With Rachel, though, David felt a small sense of familiarity. It wasn’t that she reminded him of Jennifer exactly. As far as he could tell, they were completely different from one another in almost every plausible way — Jennifer would no sooner drive around in a convertible Mercedes while talking on a cell phone than she would ride on the back of a motorcycle with her ass hanging out — except in one sense: They were both married to bad men.

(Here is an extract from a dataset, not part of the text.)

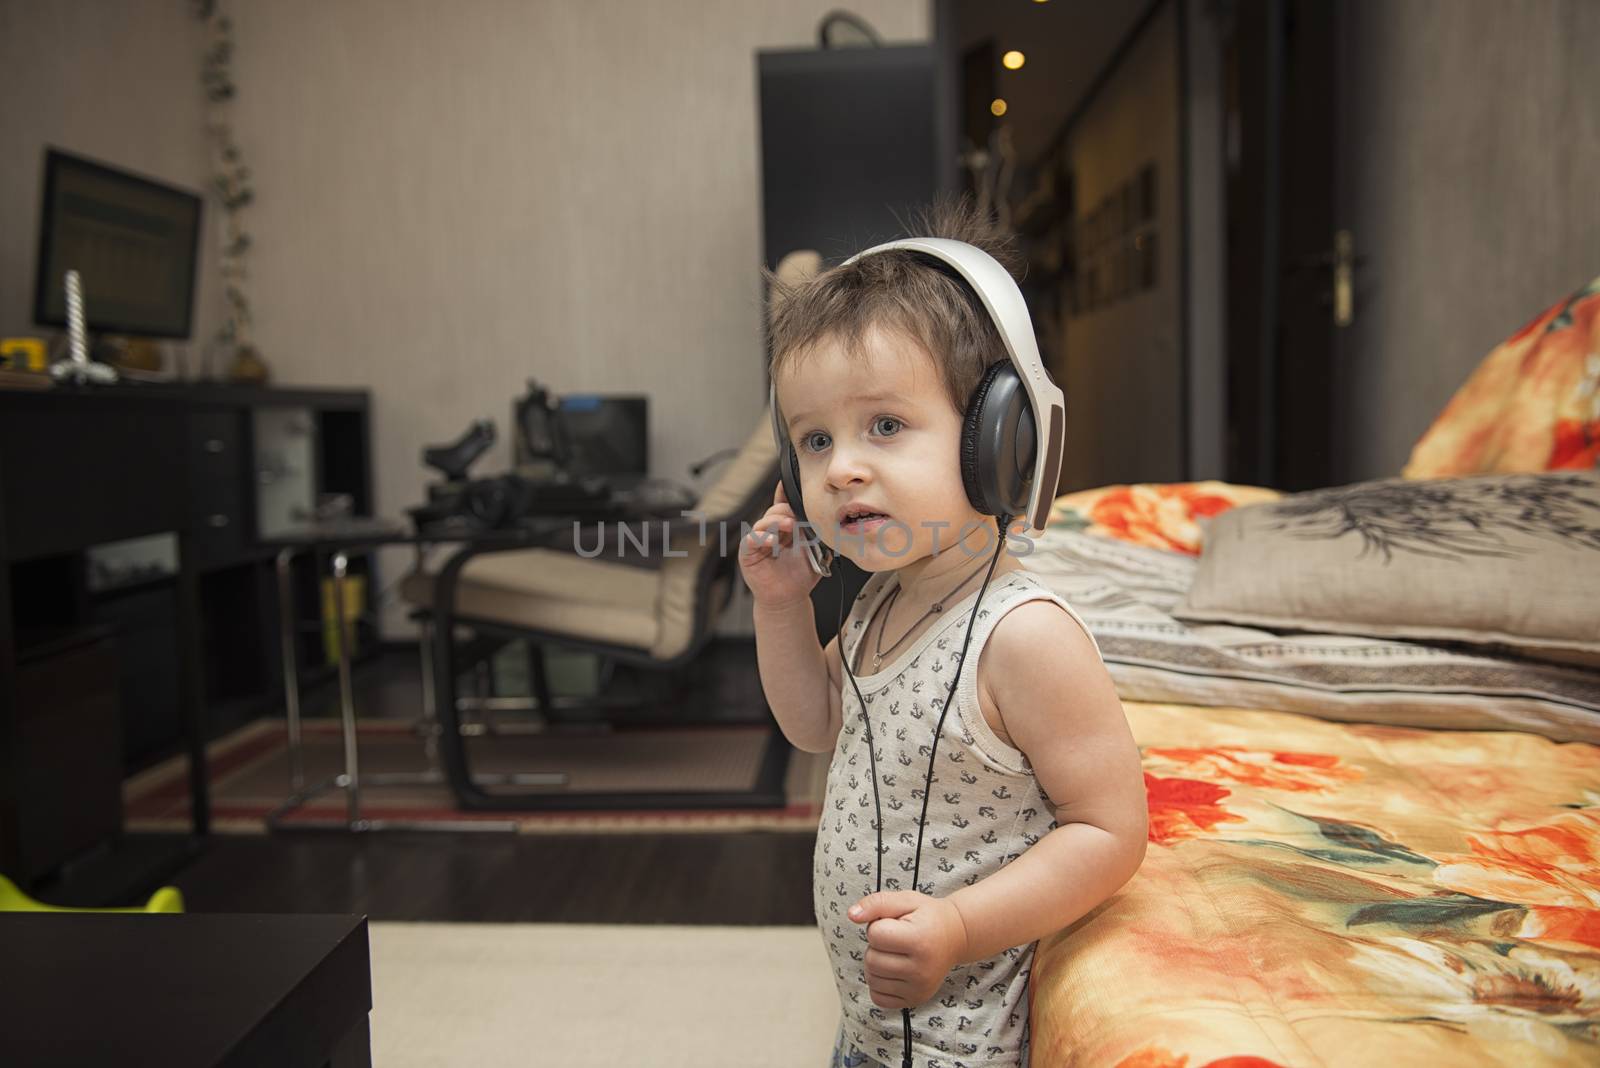 Charming boy listening to music in headphones by marynkin

It took a special kind of woman to decide that hitching up with a mob hit man and freelance professional killer (or, in Rachel’s case, a Mafia boss who probably didn’t kill a lot of people with his own hands anymore but likely had done a fair share of that sort of thing back when they were dating) was a fun way to spend not merely a few dates but also the rest of her life.

Maybe it was exciting at first, when everyone was young and stupid and watched a lot of dumb movies, but once things got solid, once bills came due and there were kids and broken radiators and car payments and funerals, along with all the other tiny disasters that made up the daily life of a married couple, you had to want it. You had to call what you had love. You had to look at that person in bed next to you and respect him, even if you knew the truth about what he was.

“Sorry I’m late,” Rachel said when she finally reached David. “It’s been a crazy day.” She was wearing a light blue sweater set, black trousers that widened around her ankles, so that David couldn’t see her shoes, no sunglasses. She had on the same jewelry she always wore — diamond earrings, the simple gold necklace, the nice wedding ring he’d first noticed at the Hanukkah carnival — and carried an expensive-looking handbag.

“I just got here,” David said.

“If you’re anything like my father,” she said, “you’ll just love this place.”

“What about Mr. Savone?”

“Oh, he won’t come here,” she said. “He won’t go anywhere near a wine bar.”